Pastor’s Article 2/1/2022

During my Intro to Missiology class for First Baptist University I briefly touched on the history of the missions movement in the United States and wanted to dive more deeply into one of the most foundational figures in the history of the American Baptist Missionary Movement, Adoniram Judson, who lived from 1788 to 1850. I believe it is very important to know and understand history when studying the Bible (which is a historical book) as well as people throughout history. This gives the people of God a picture and perspective of the missio Dei, or God’s redemptive Mission for humanity.

Early Years

From the very beginning of his life Judson had unlimited ambition, first and foremost for the seeking of self-fulfillment and the praise of his contemporaries. His father was a minister and Judson was raised in a Christian home, however he did not become a believer until at age 19 during a tour of New England, he stayed at a lodge in which he roomed next to a very ill man. During the night the man in the next room died, and in the morning Judson found that it had been a college friend of his who had not been a believer. Convicted, Judson dedicated his life to Christ and enrolled at Andover Theological Seminary where he met Samuel J. Mills of Haystack Prayer Meeting fame. This meeting blossomed Judson’s ambition for missions.


In February 1812 Adoniram and his wife Ann, who had only been married for two weeks, left Massachusetts for India. During the four month voyage Judson devoted his time to the doctrine of baptism. Judson had been raised in the pedobaptist (infant) theology and wanted to defend his beliefs to the famous William Carey in India who was a proponent of believer’s baptism. During this study Adoniram and Ann came under conviction that baptism by immersion was the correct form of baptism and upon arriving in Calcutta were baptized as believers. This act led to the resignation of the Judsons from their missionary support network, effectively leaving the couple without support or funding.


In July 1813 the Judsons arrived in Burma, which was firmly controlled by the Buddhist religion. Adoniram and Ann set out to learn the language as their first step to reaching the Burmese people. After six years of mission work Judson baptized his first convert. The struggles for the Judsons continued as they buried their two children and Adoniram was imprisoned as a spy in 1824. Judson would spend 19 months in a Burmese “death prison” where only Ann’s constant aid kept him alive. She would bring him food and a pillow into which was sewn his translation of the Burmese New Testament, which he had completed a year prior. He needed the pillow due to the fact that every night the guards would raise the prisoners up by their feet so that only their heads and shoulders would touch the ground. In 1825 Judson was finally released from prison but soon thereafter Ann became sick and died in 1826 and their daughter Maria died 6 months later. In 1828 Adoniram retreated to seclusion and darkness covered his life. Slowly in 1830 Judson emerged from his spiritual darkness with newfound conviction to reach the Burmese for Christ.
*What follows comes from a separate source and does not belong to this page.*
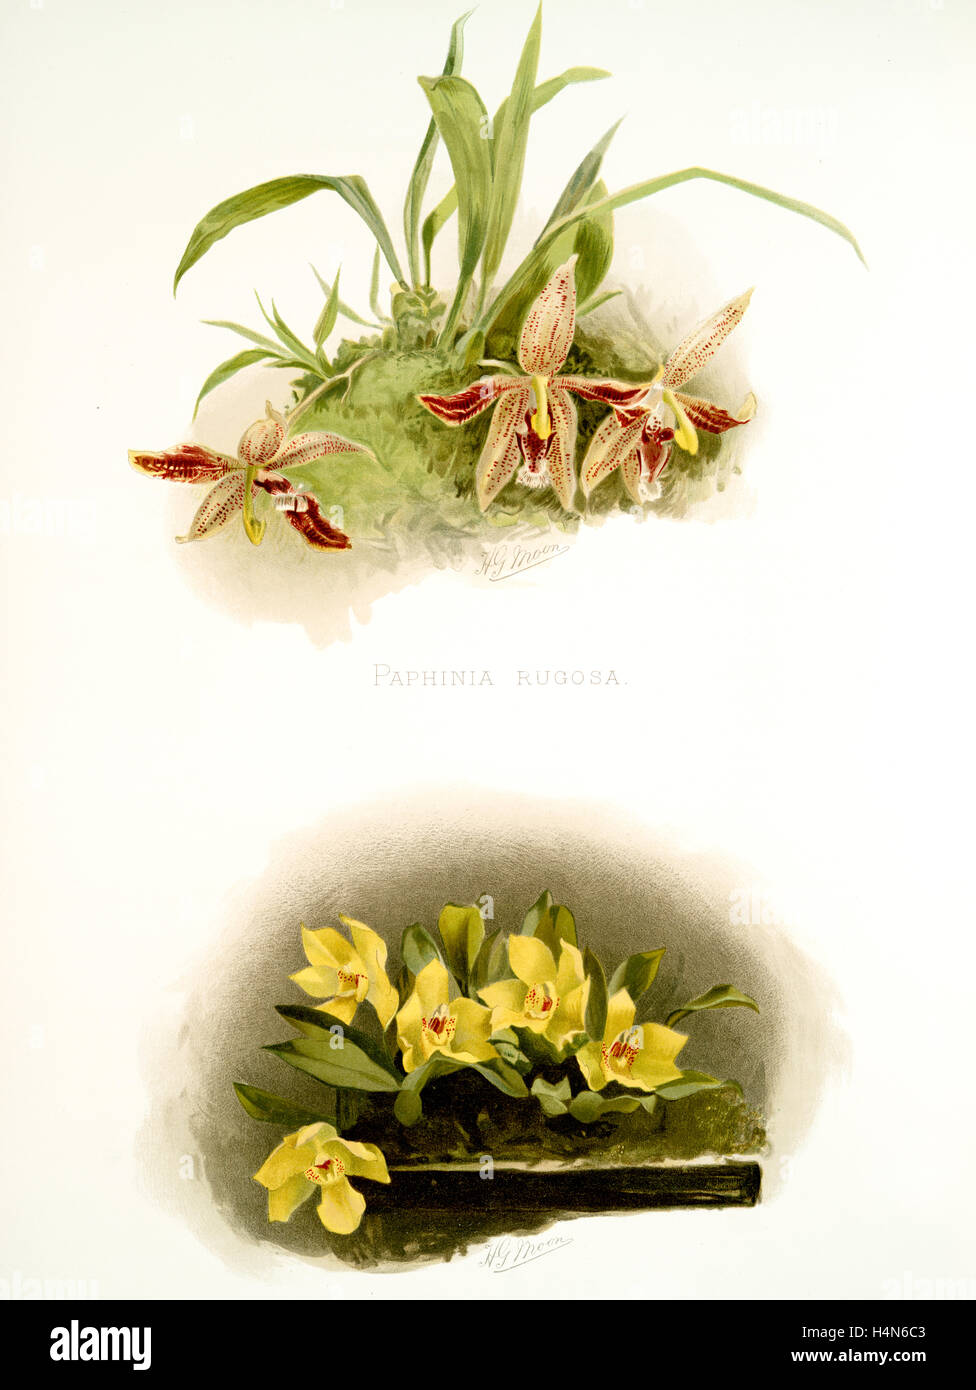 Paphinia rugosa; Zygopetalum xanthinum, Sander, F. (Frederick), 1847-1920, Author, Moon, H. G, Artist, Leutzsch, Gustav Stock Photo

In 1834 Judson finished translation of the entire Bible and he died in 1850 on a ship and was buried at sea.


Adoniram Judson’s translation of the Bible into Burmese is still used to this day. There are many people groups in present-day Myanmar, two of which are the Burmese and the Karen. Out of 26 million Burmese approximately 50,000 are Christian. Out of 4 million Karen, 40% are professing believers. Judson paved the way for these people to come to Christ by God’s sovereign plan. Judson learned much during his years as a missionary. He wrote many of the lessons down to be taught to new missionaries about his struggles. He spearheaded church planting, translation and linguistics within Baptist circles. He revolutionized the modern concepts of contextualization and discipleship. Above all, through the heartache and pain Judson loved Christ and his convictions drove him to the mission field. Let his life be a lesson for all of us.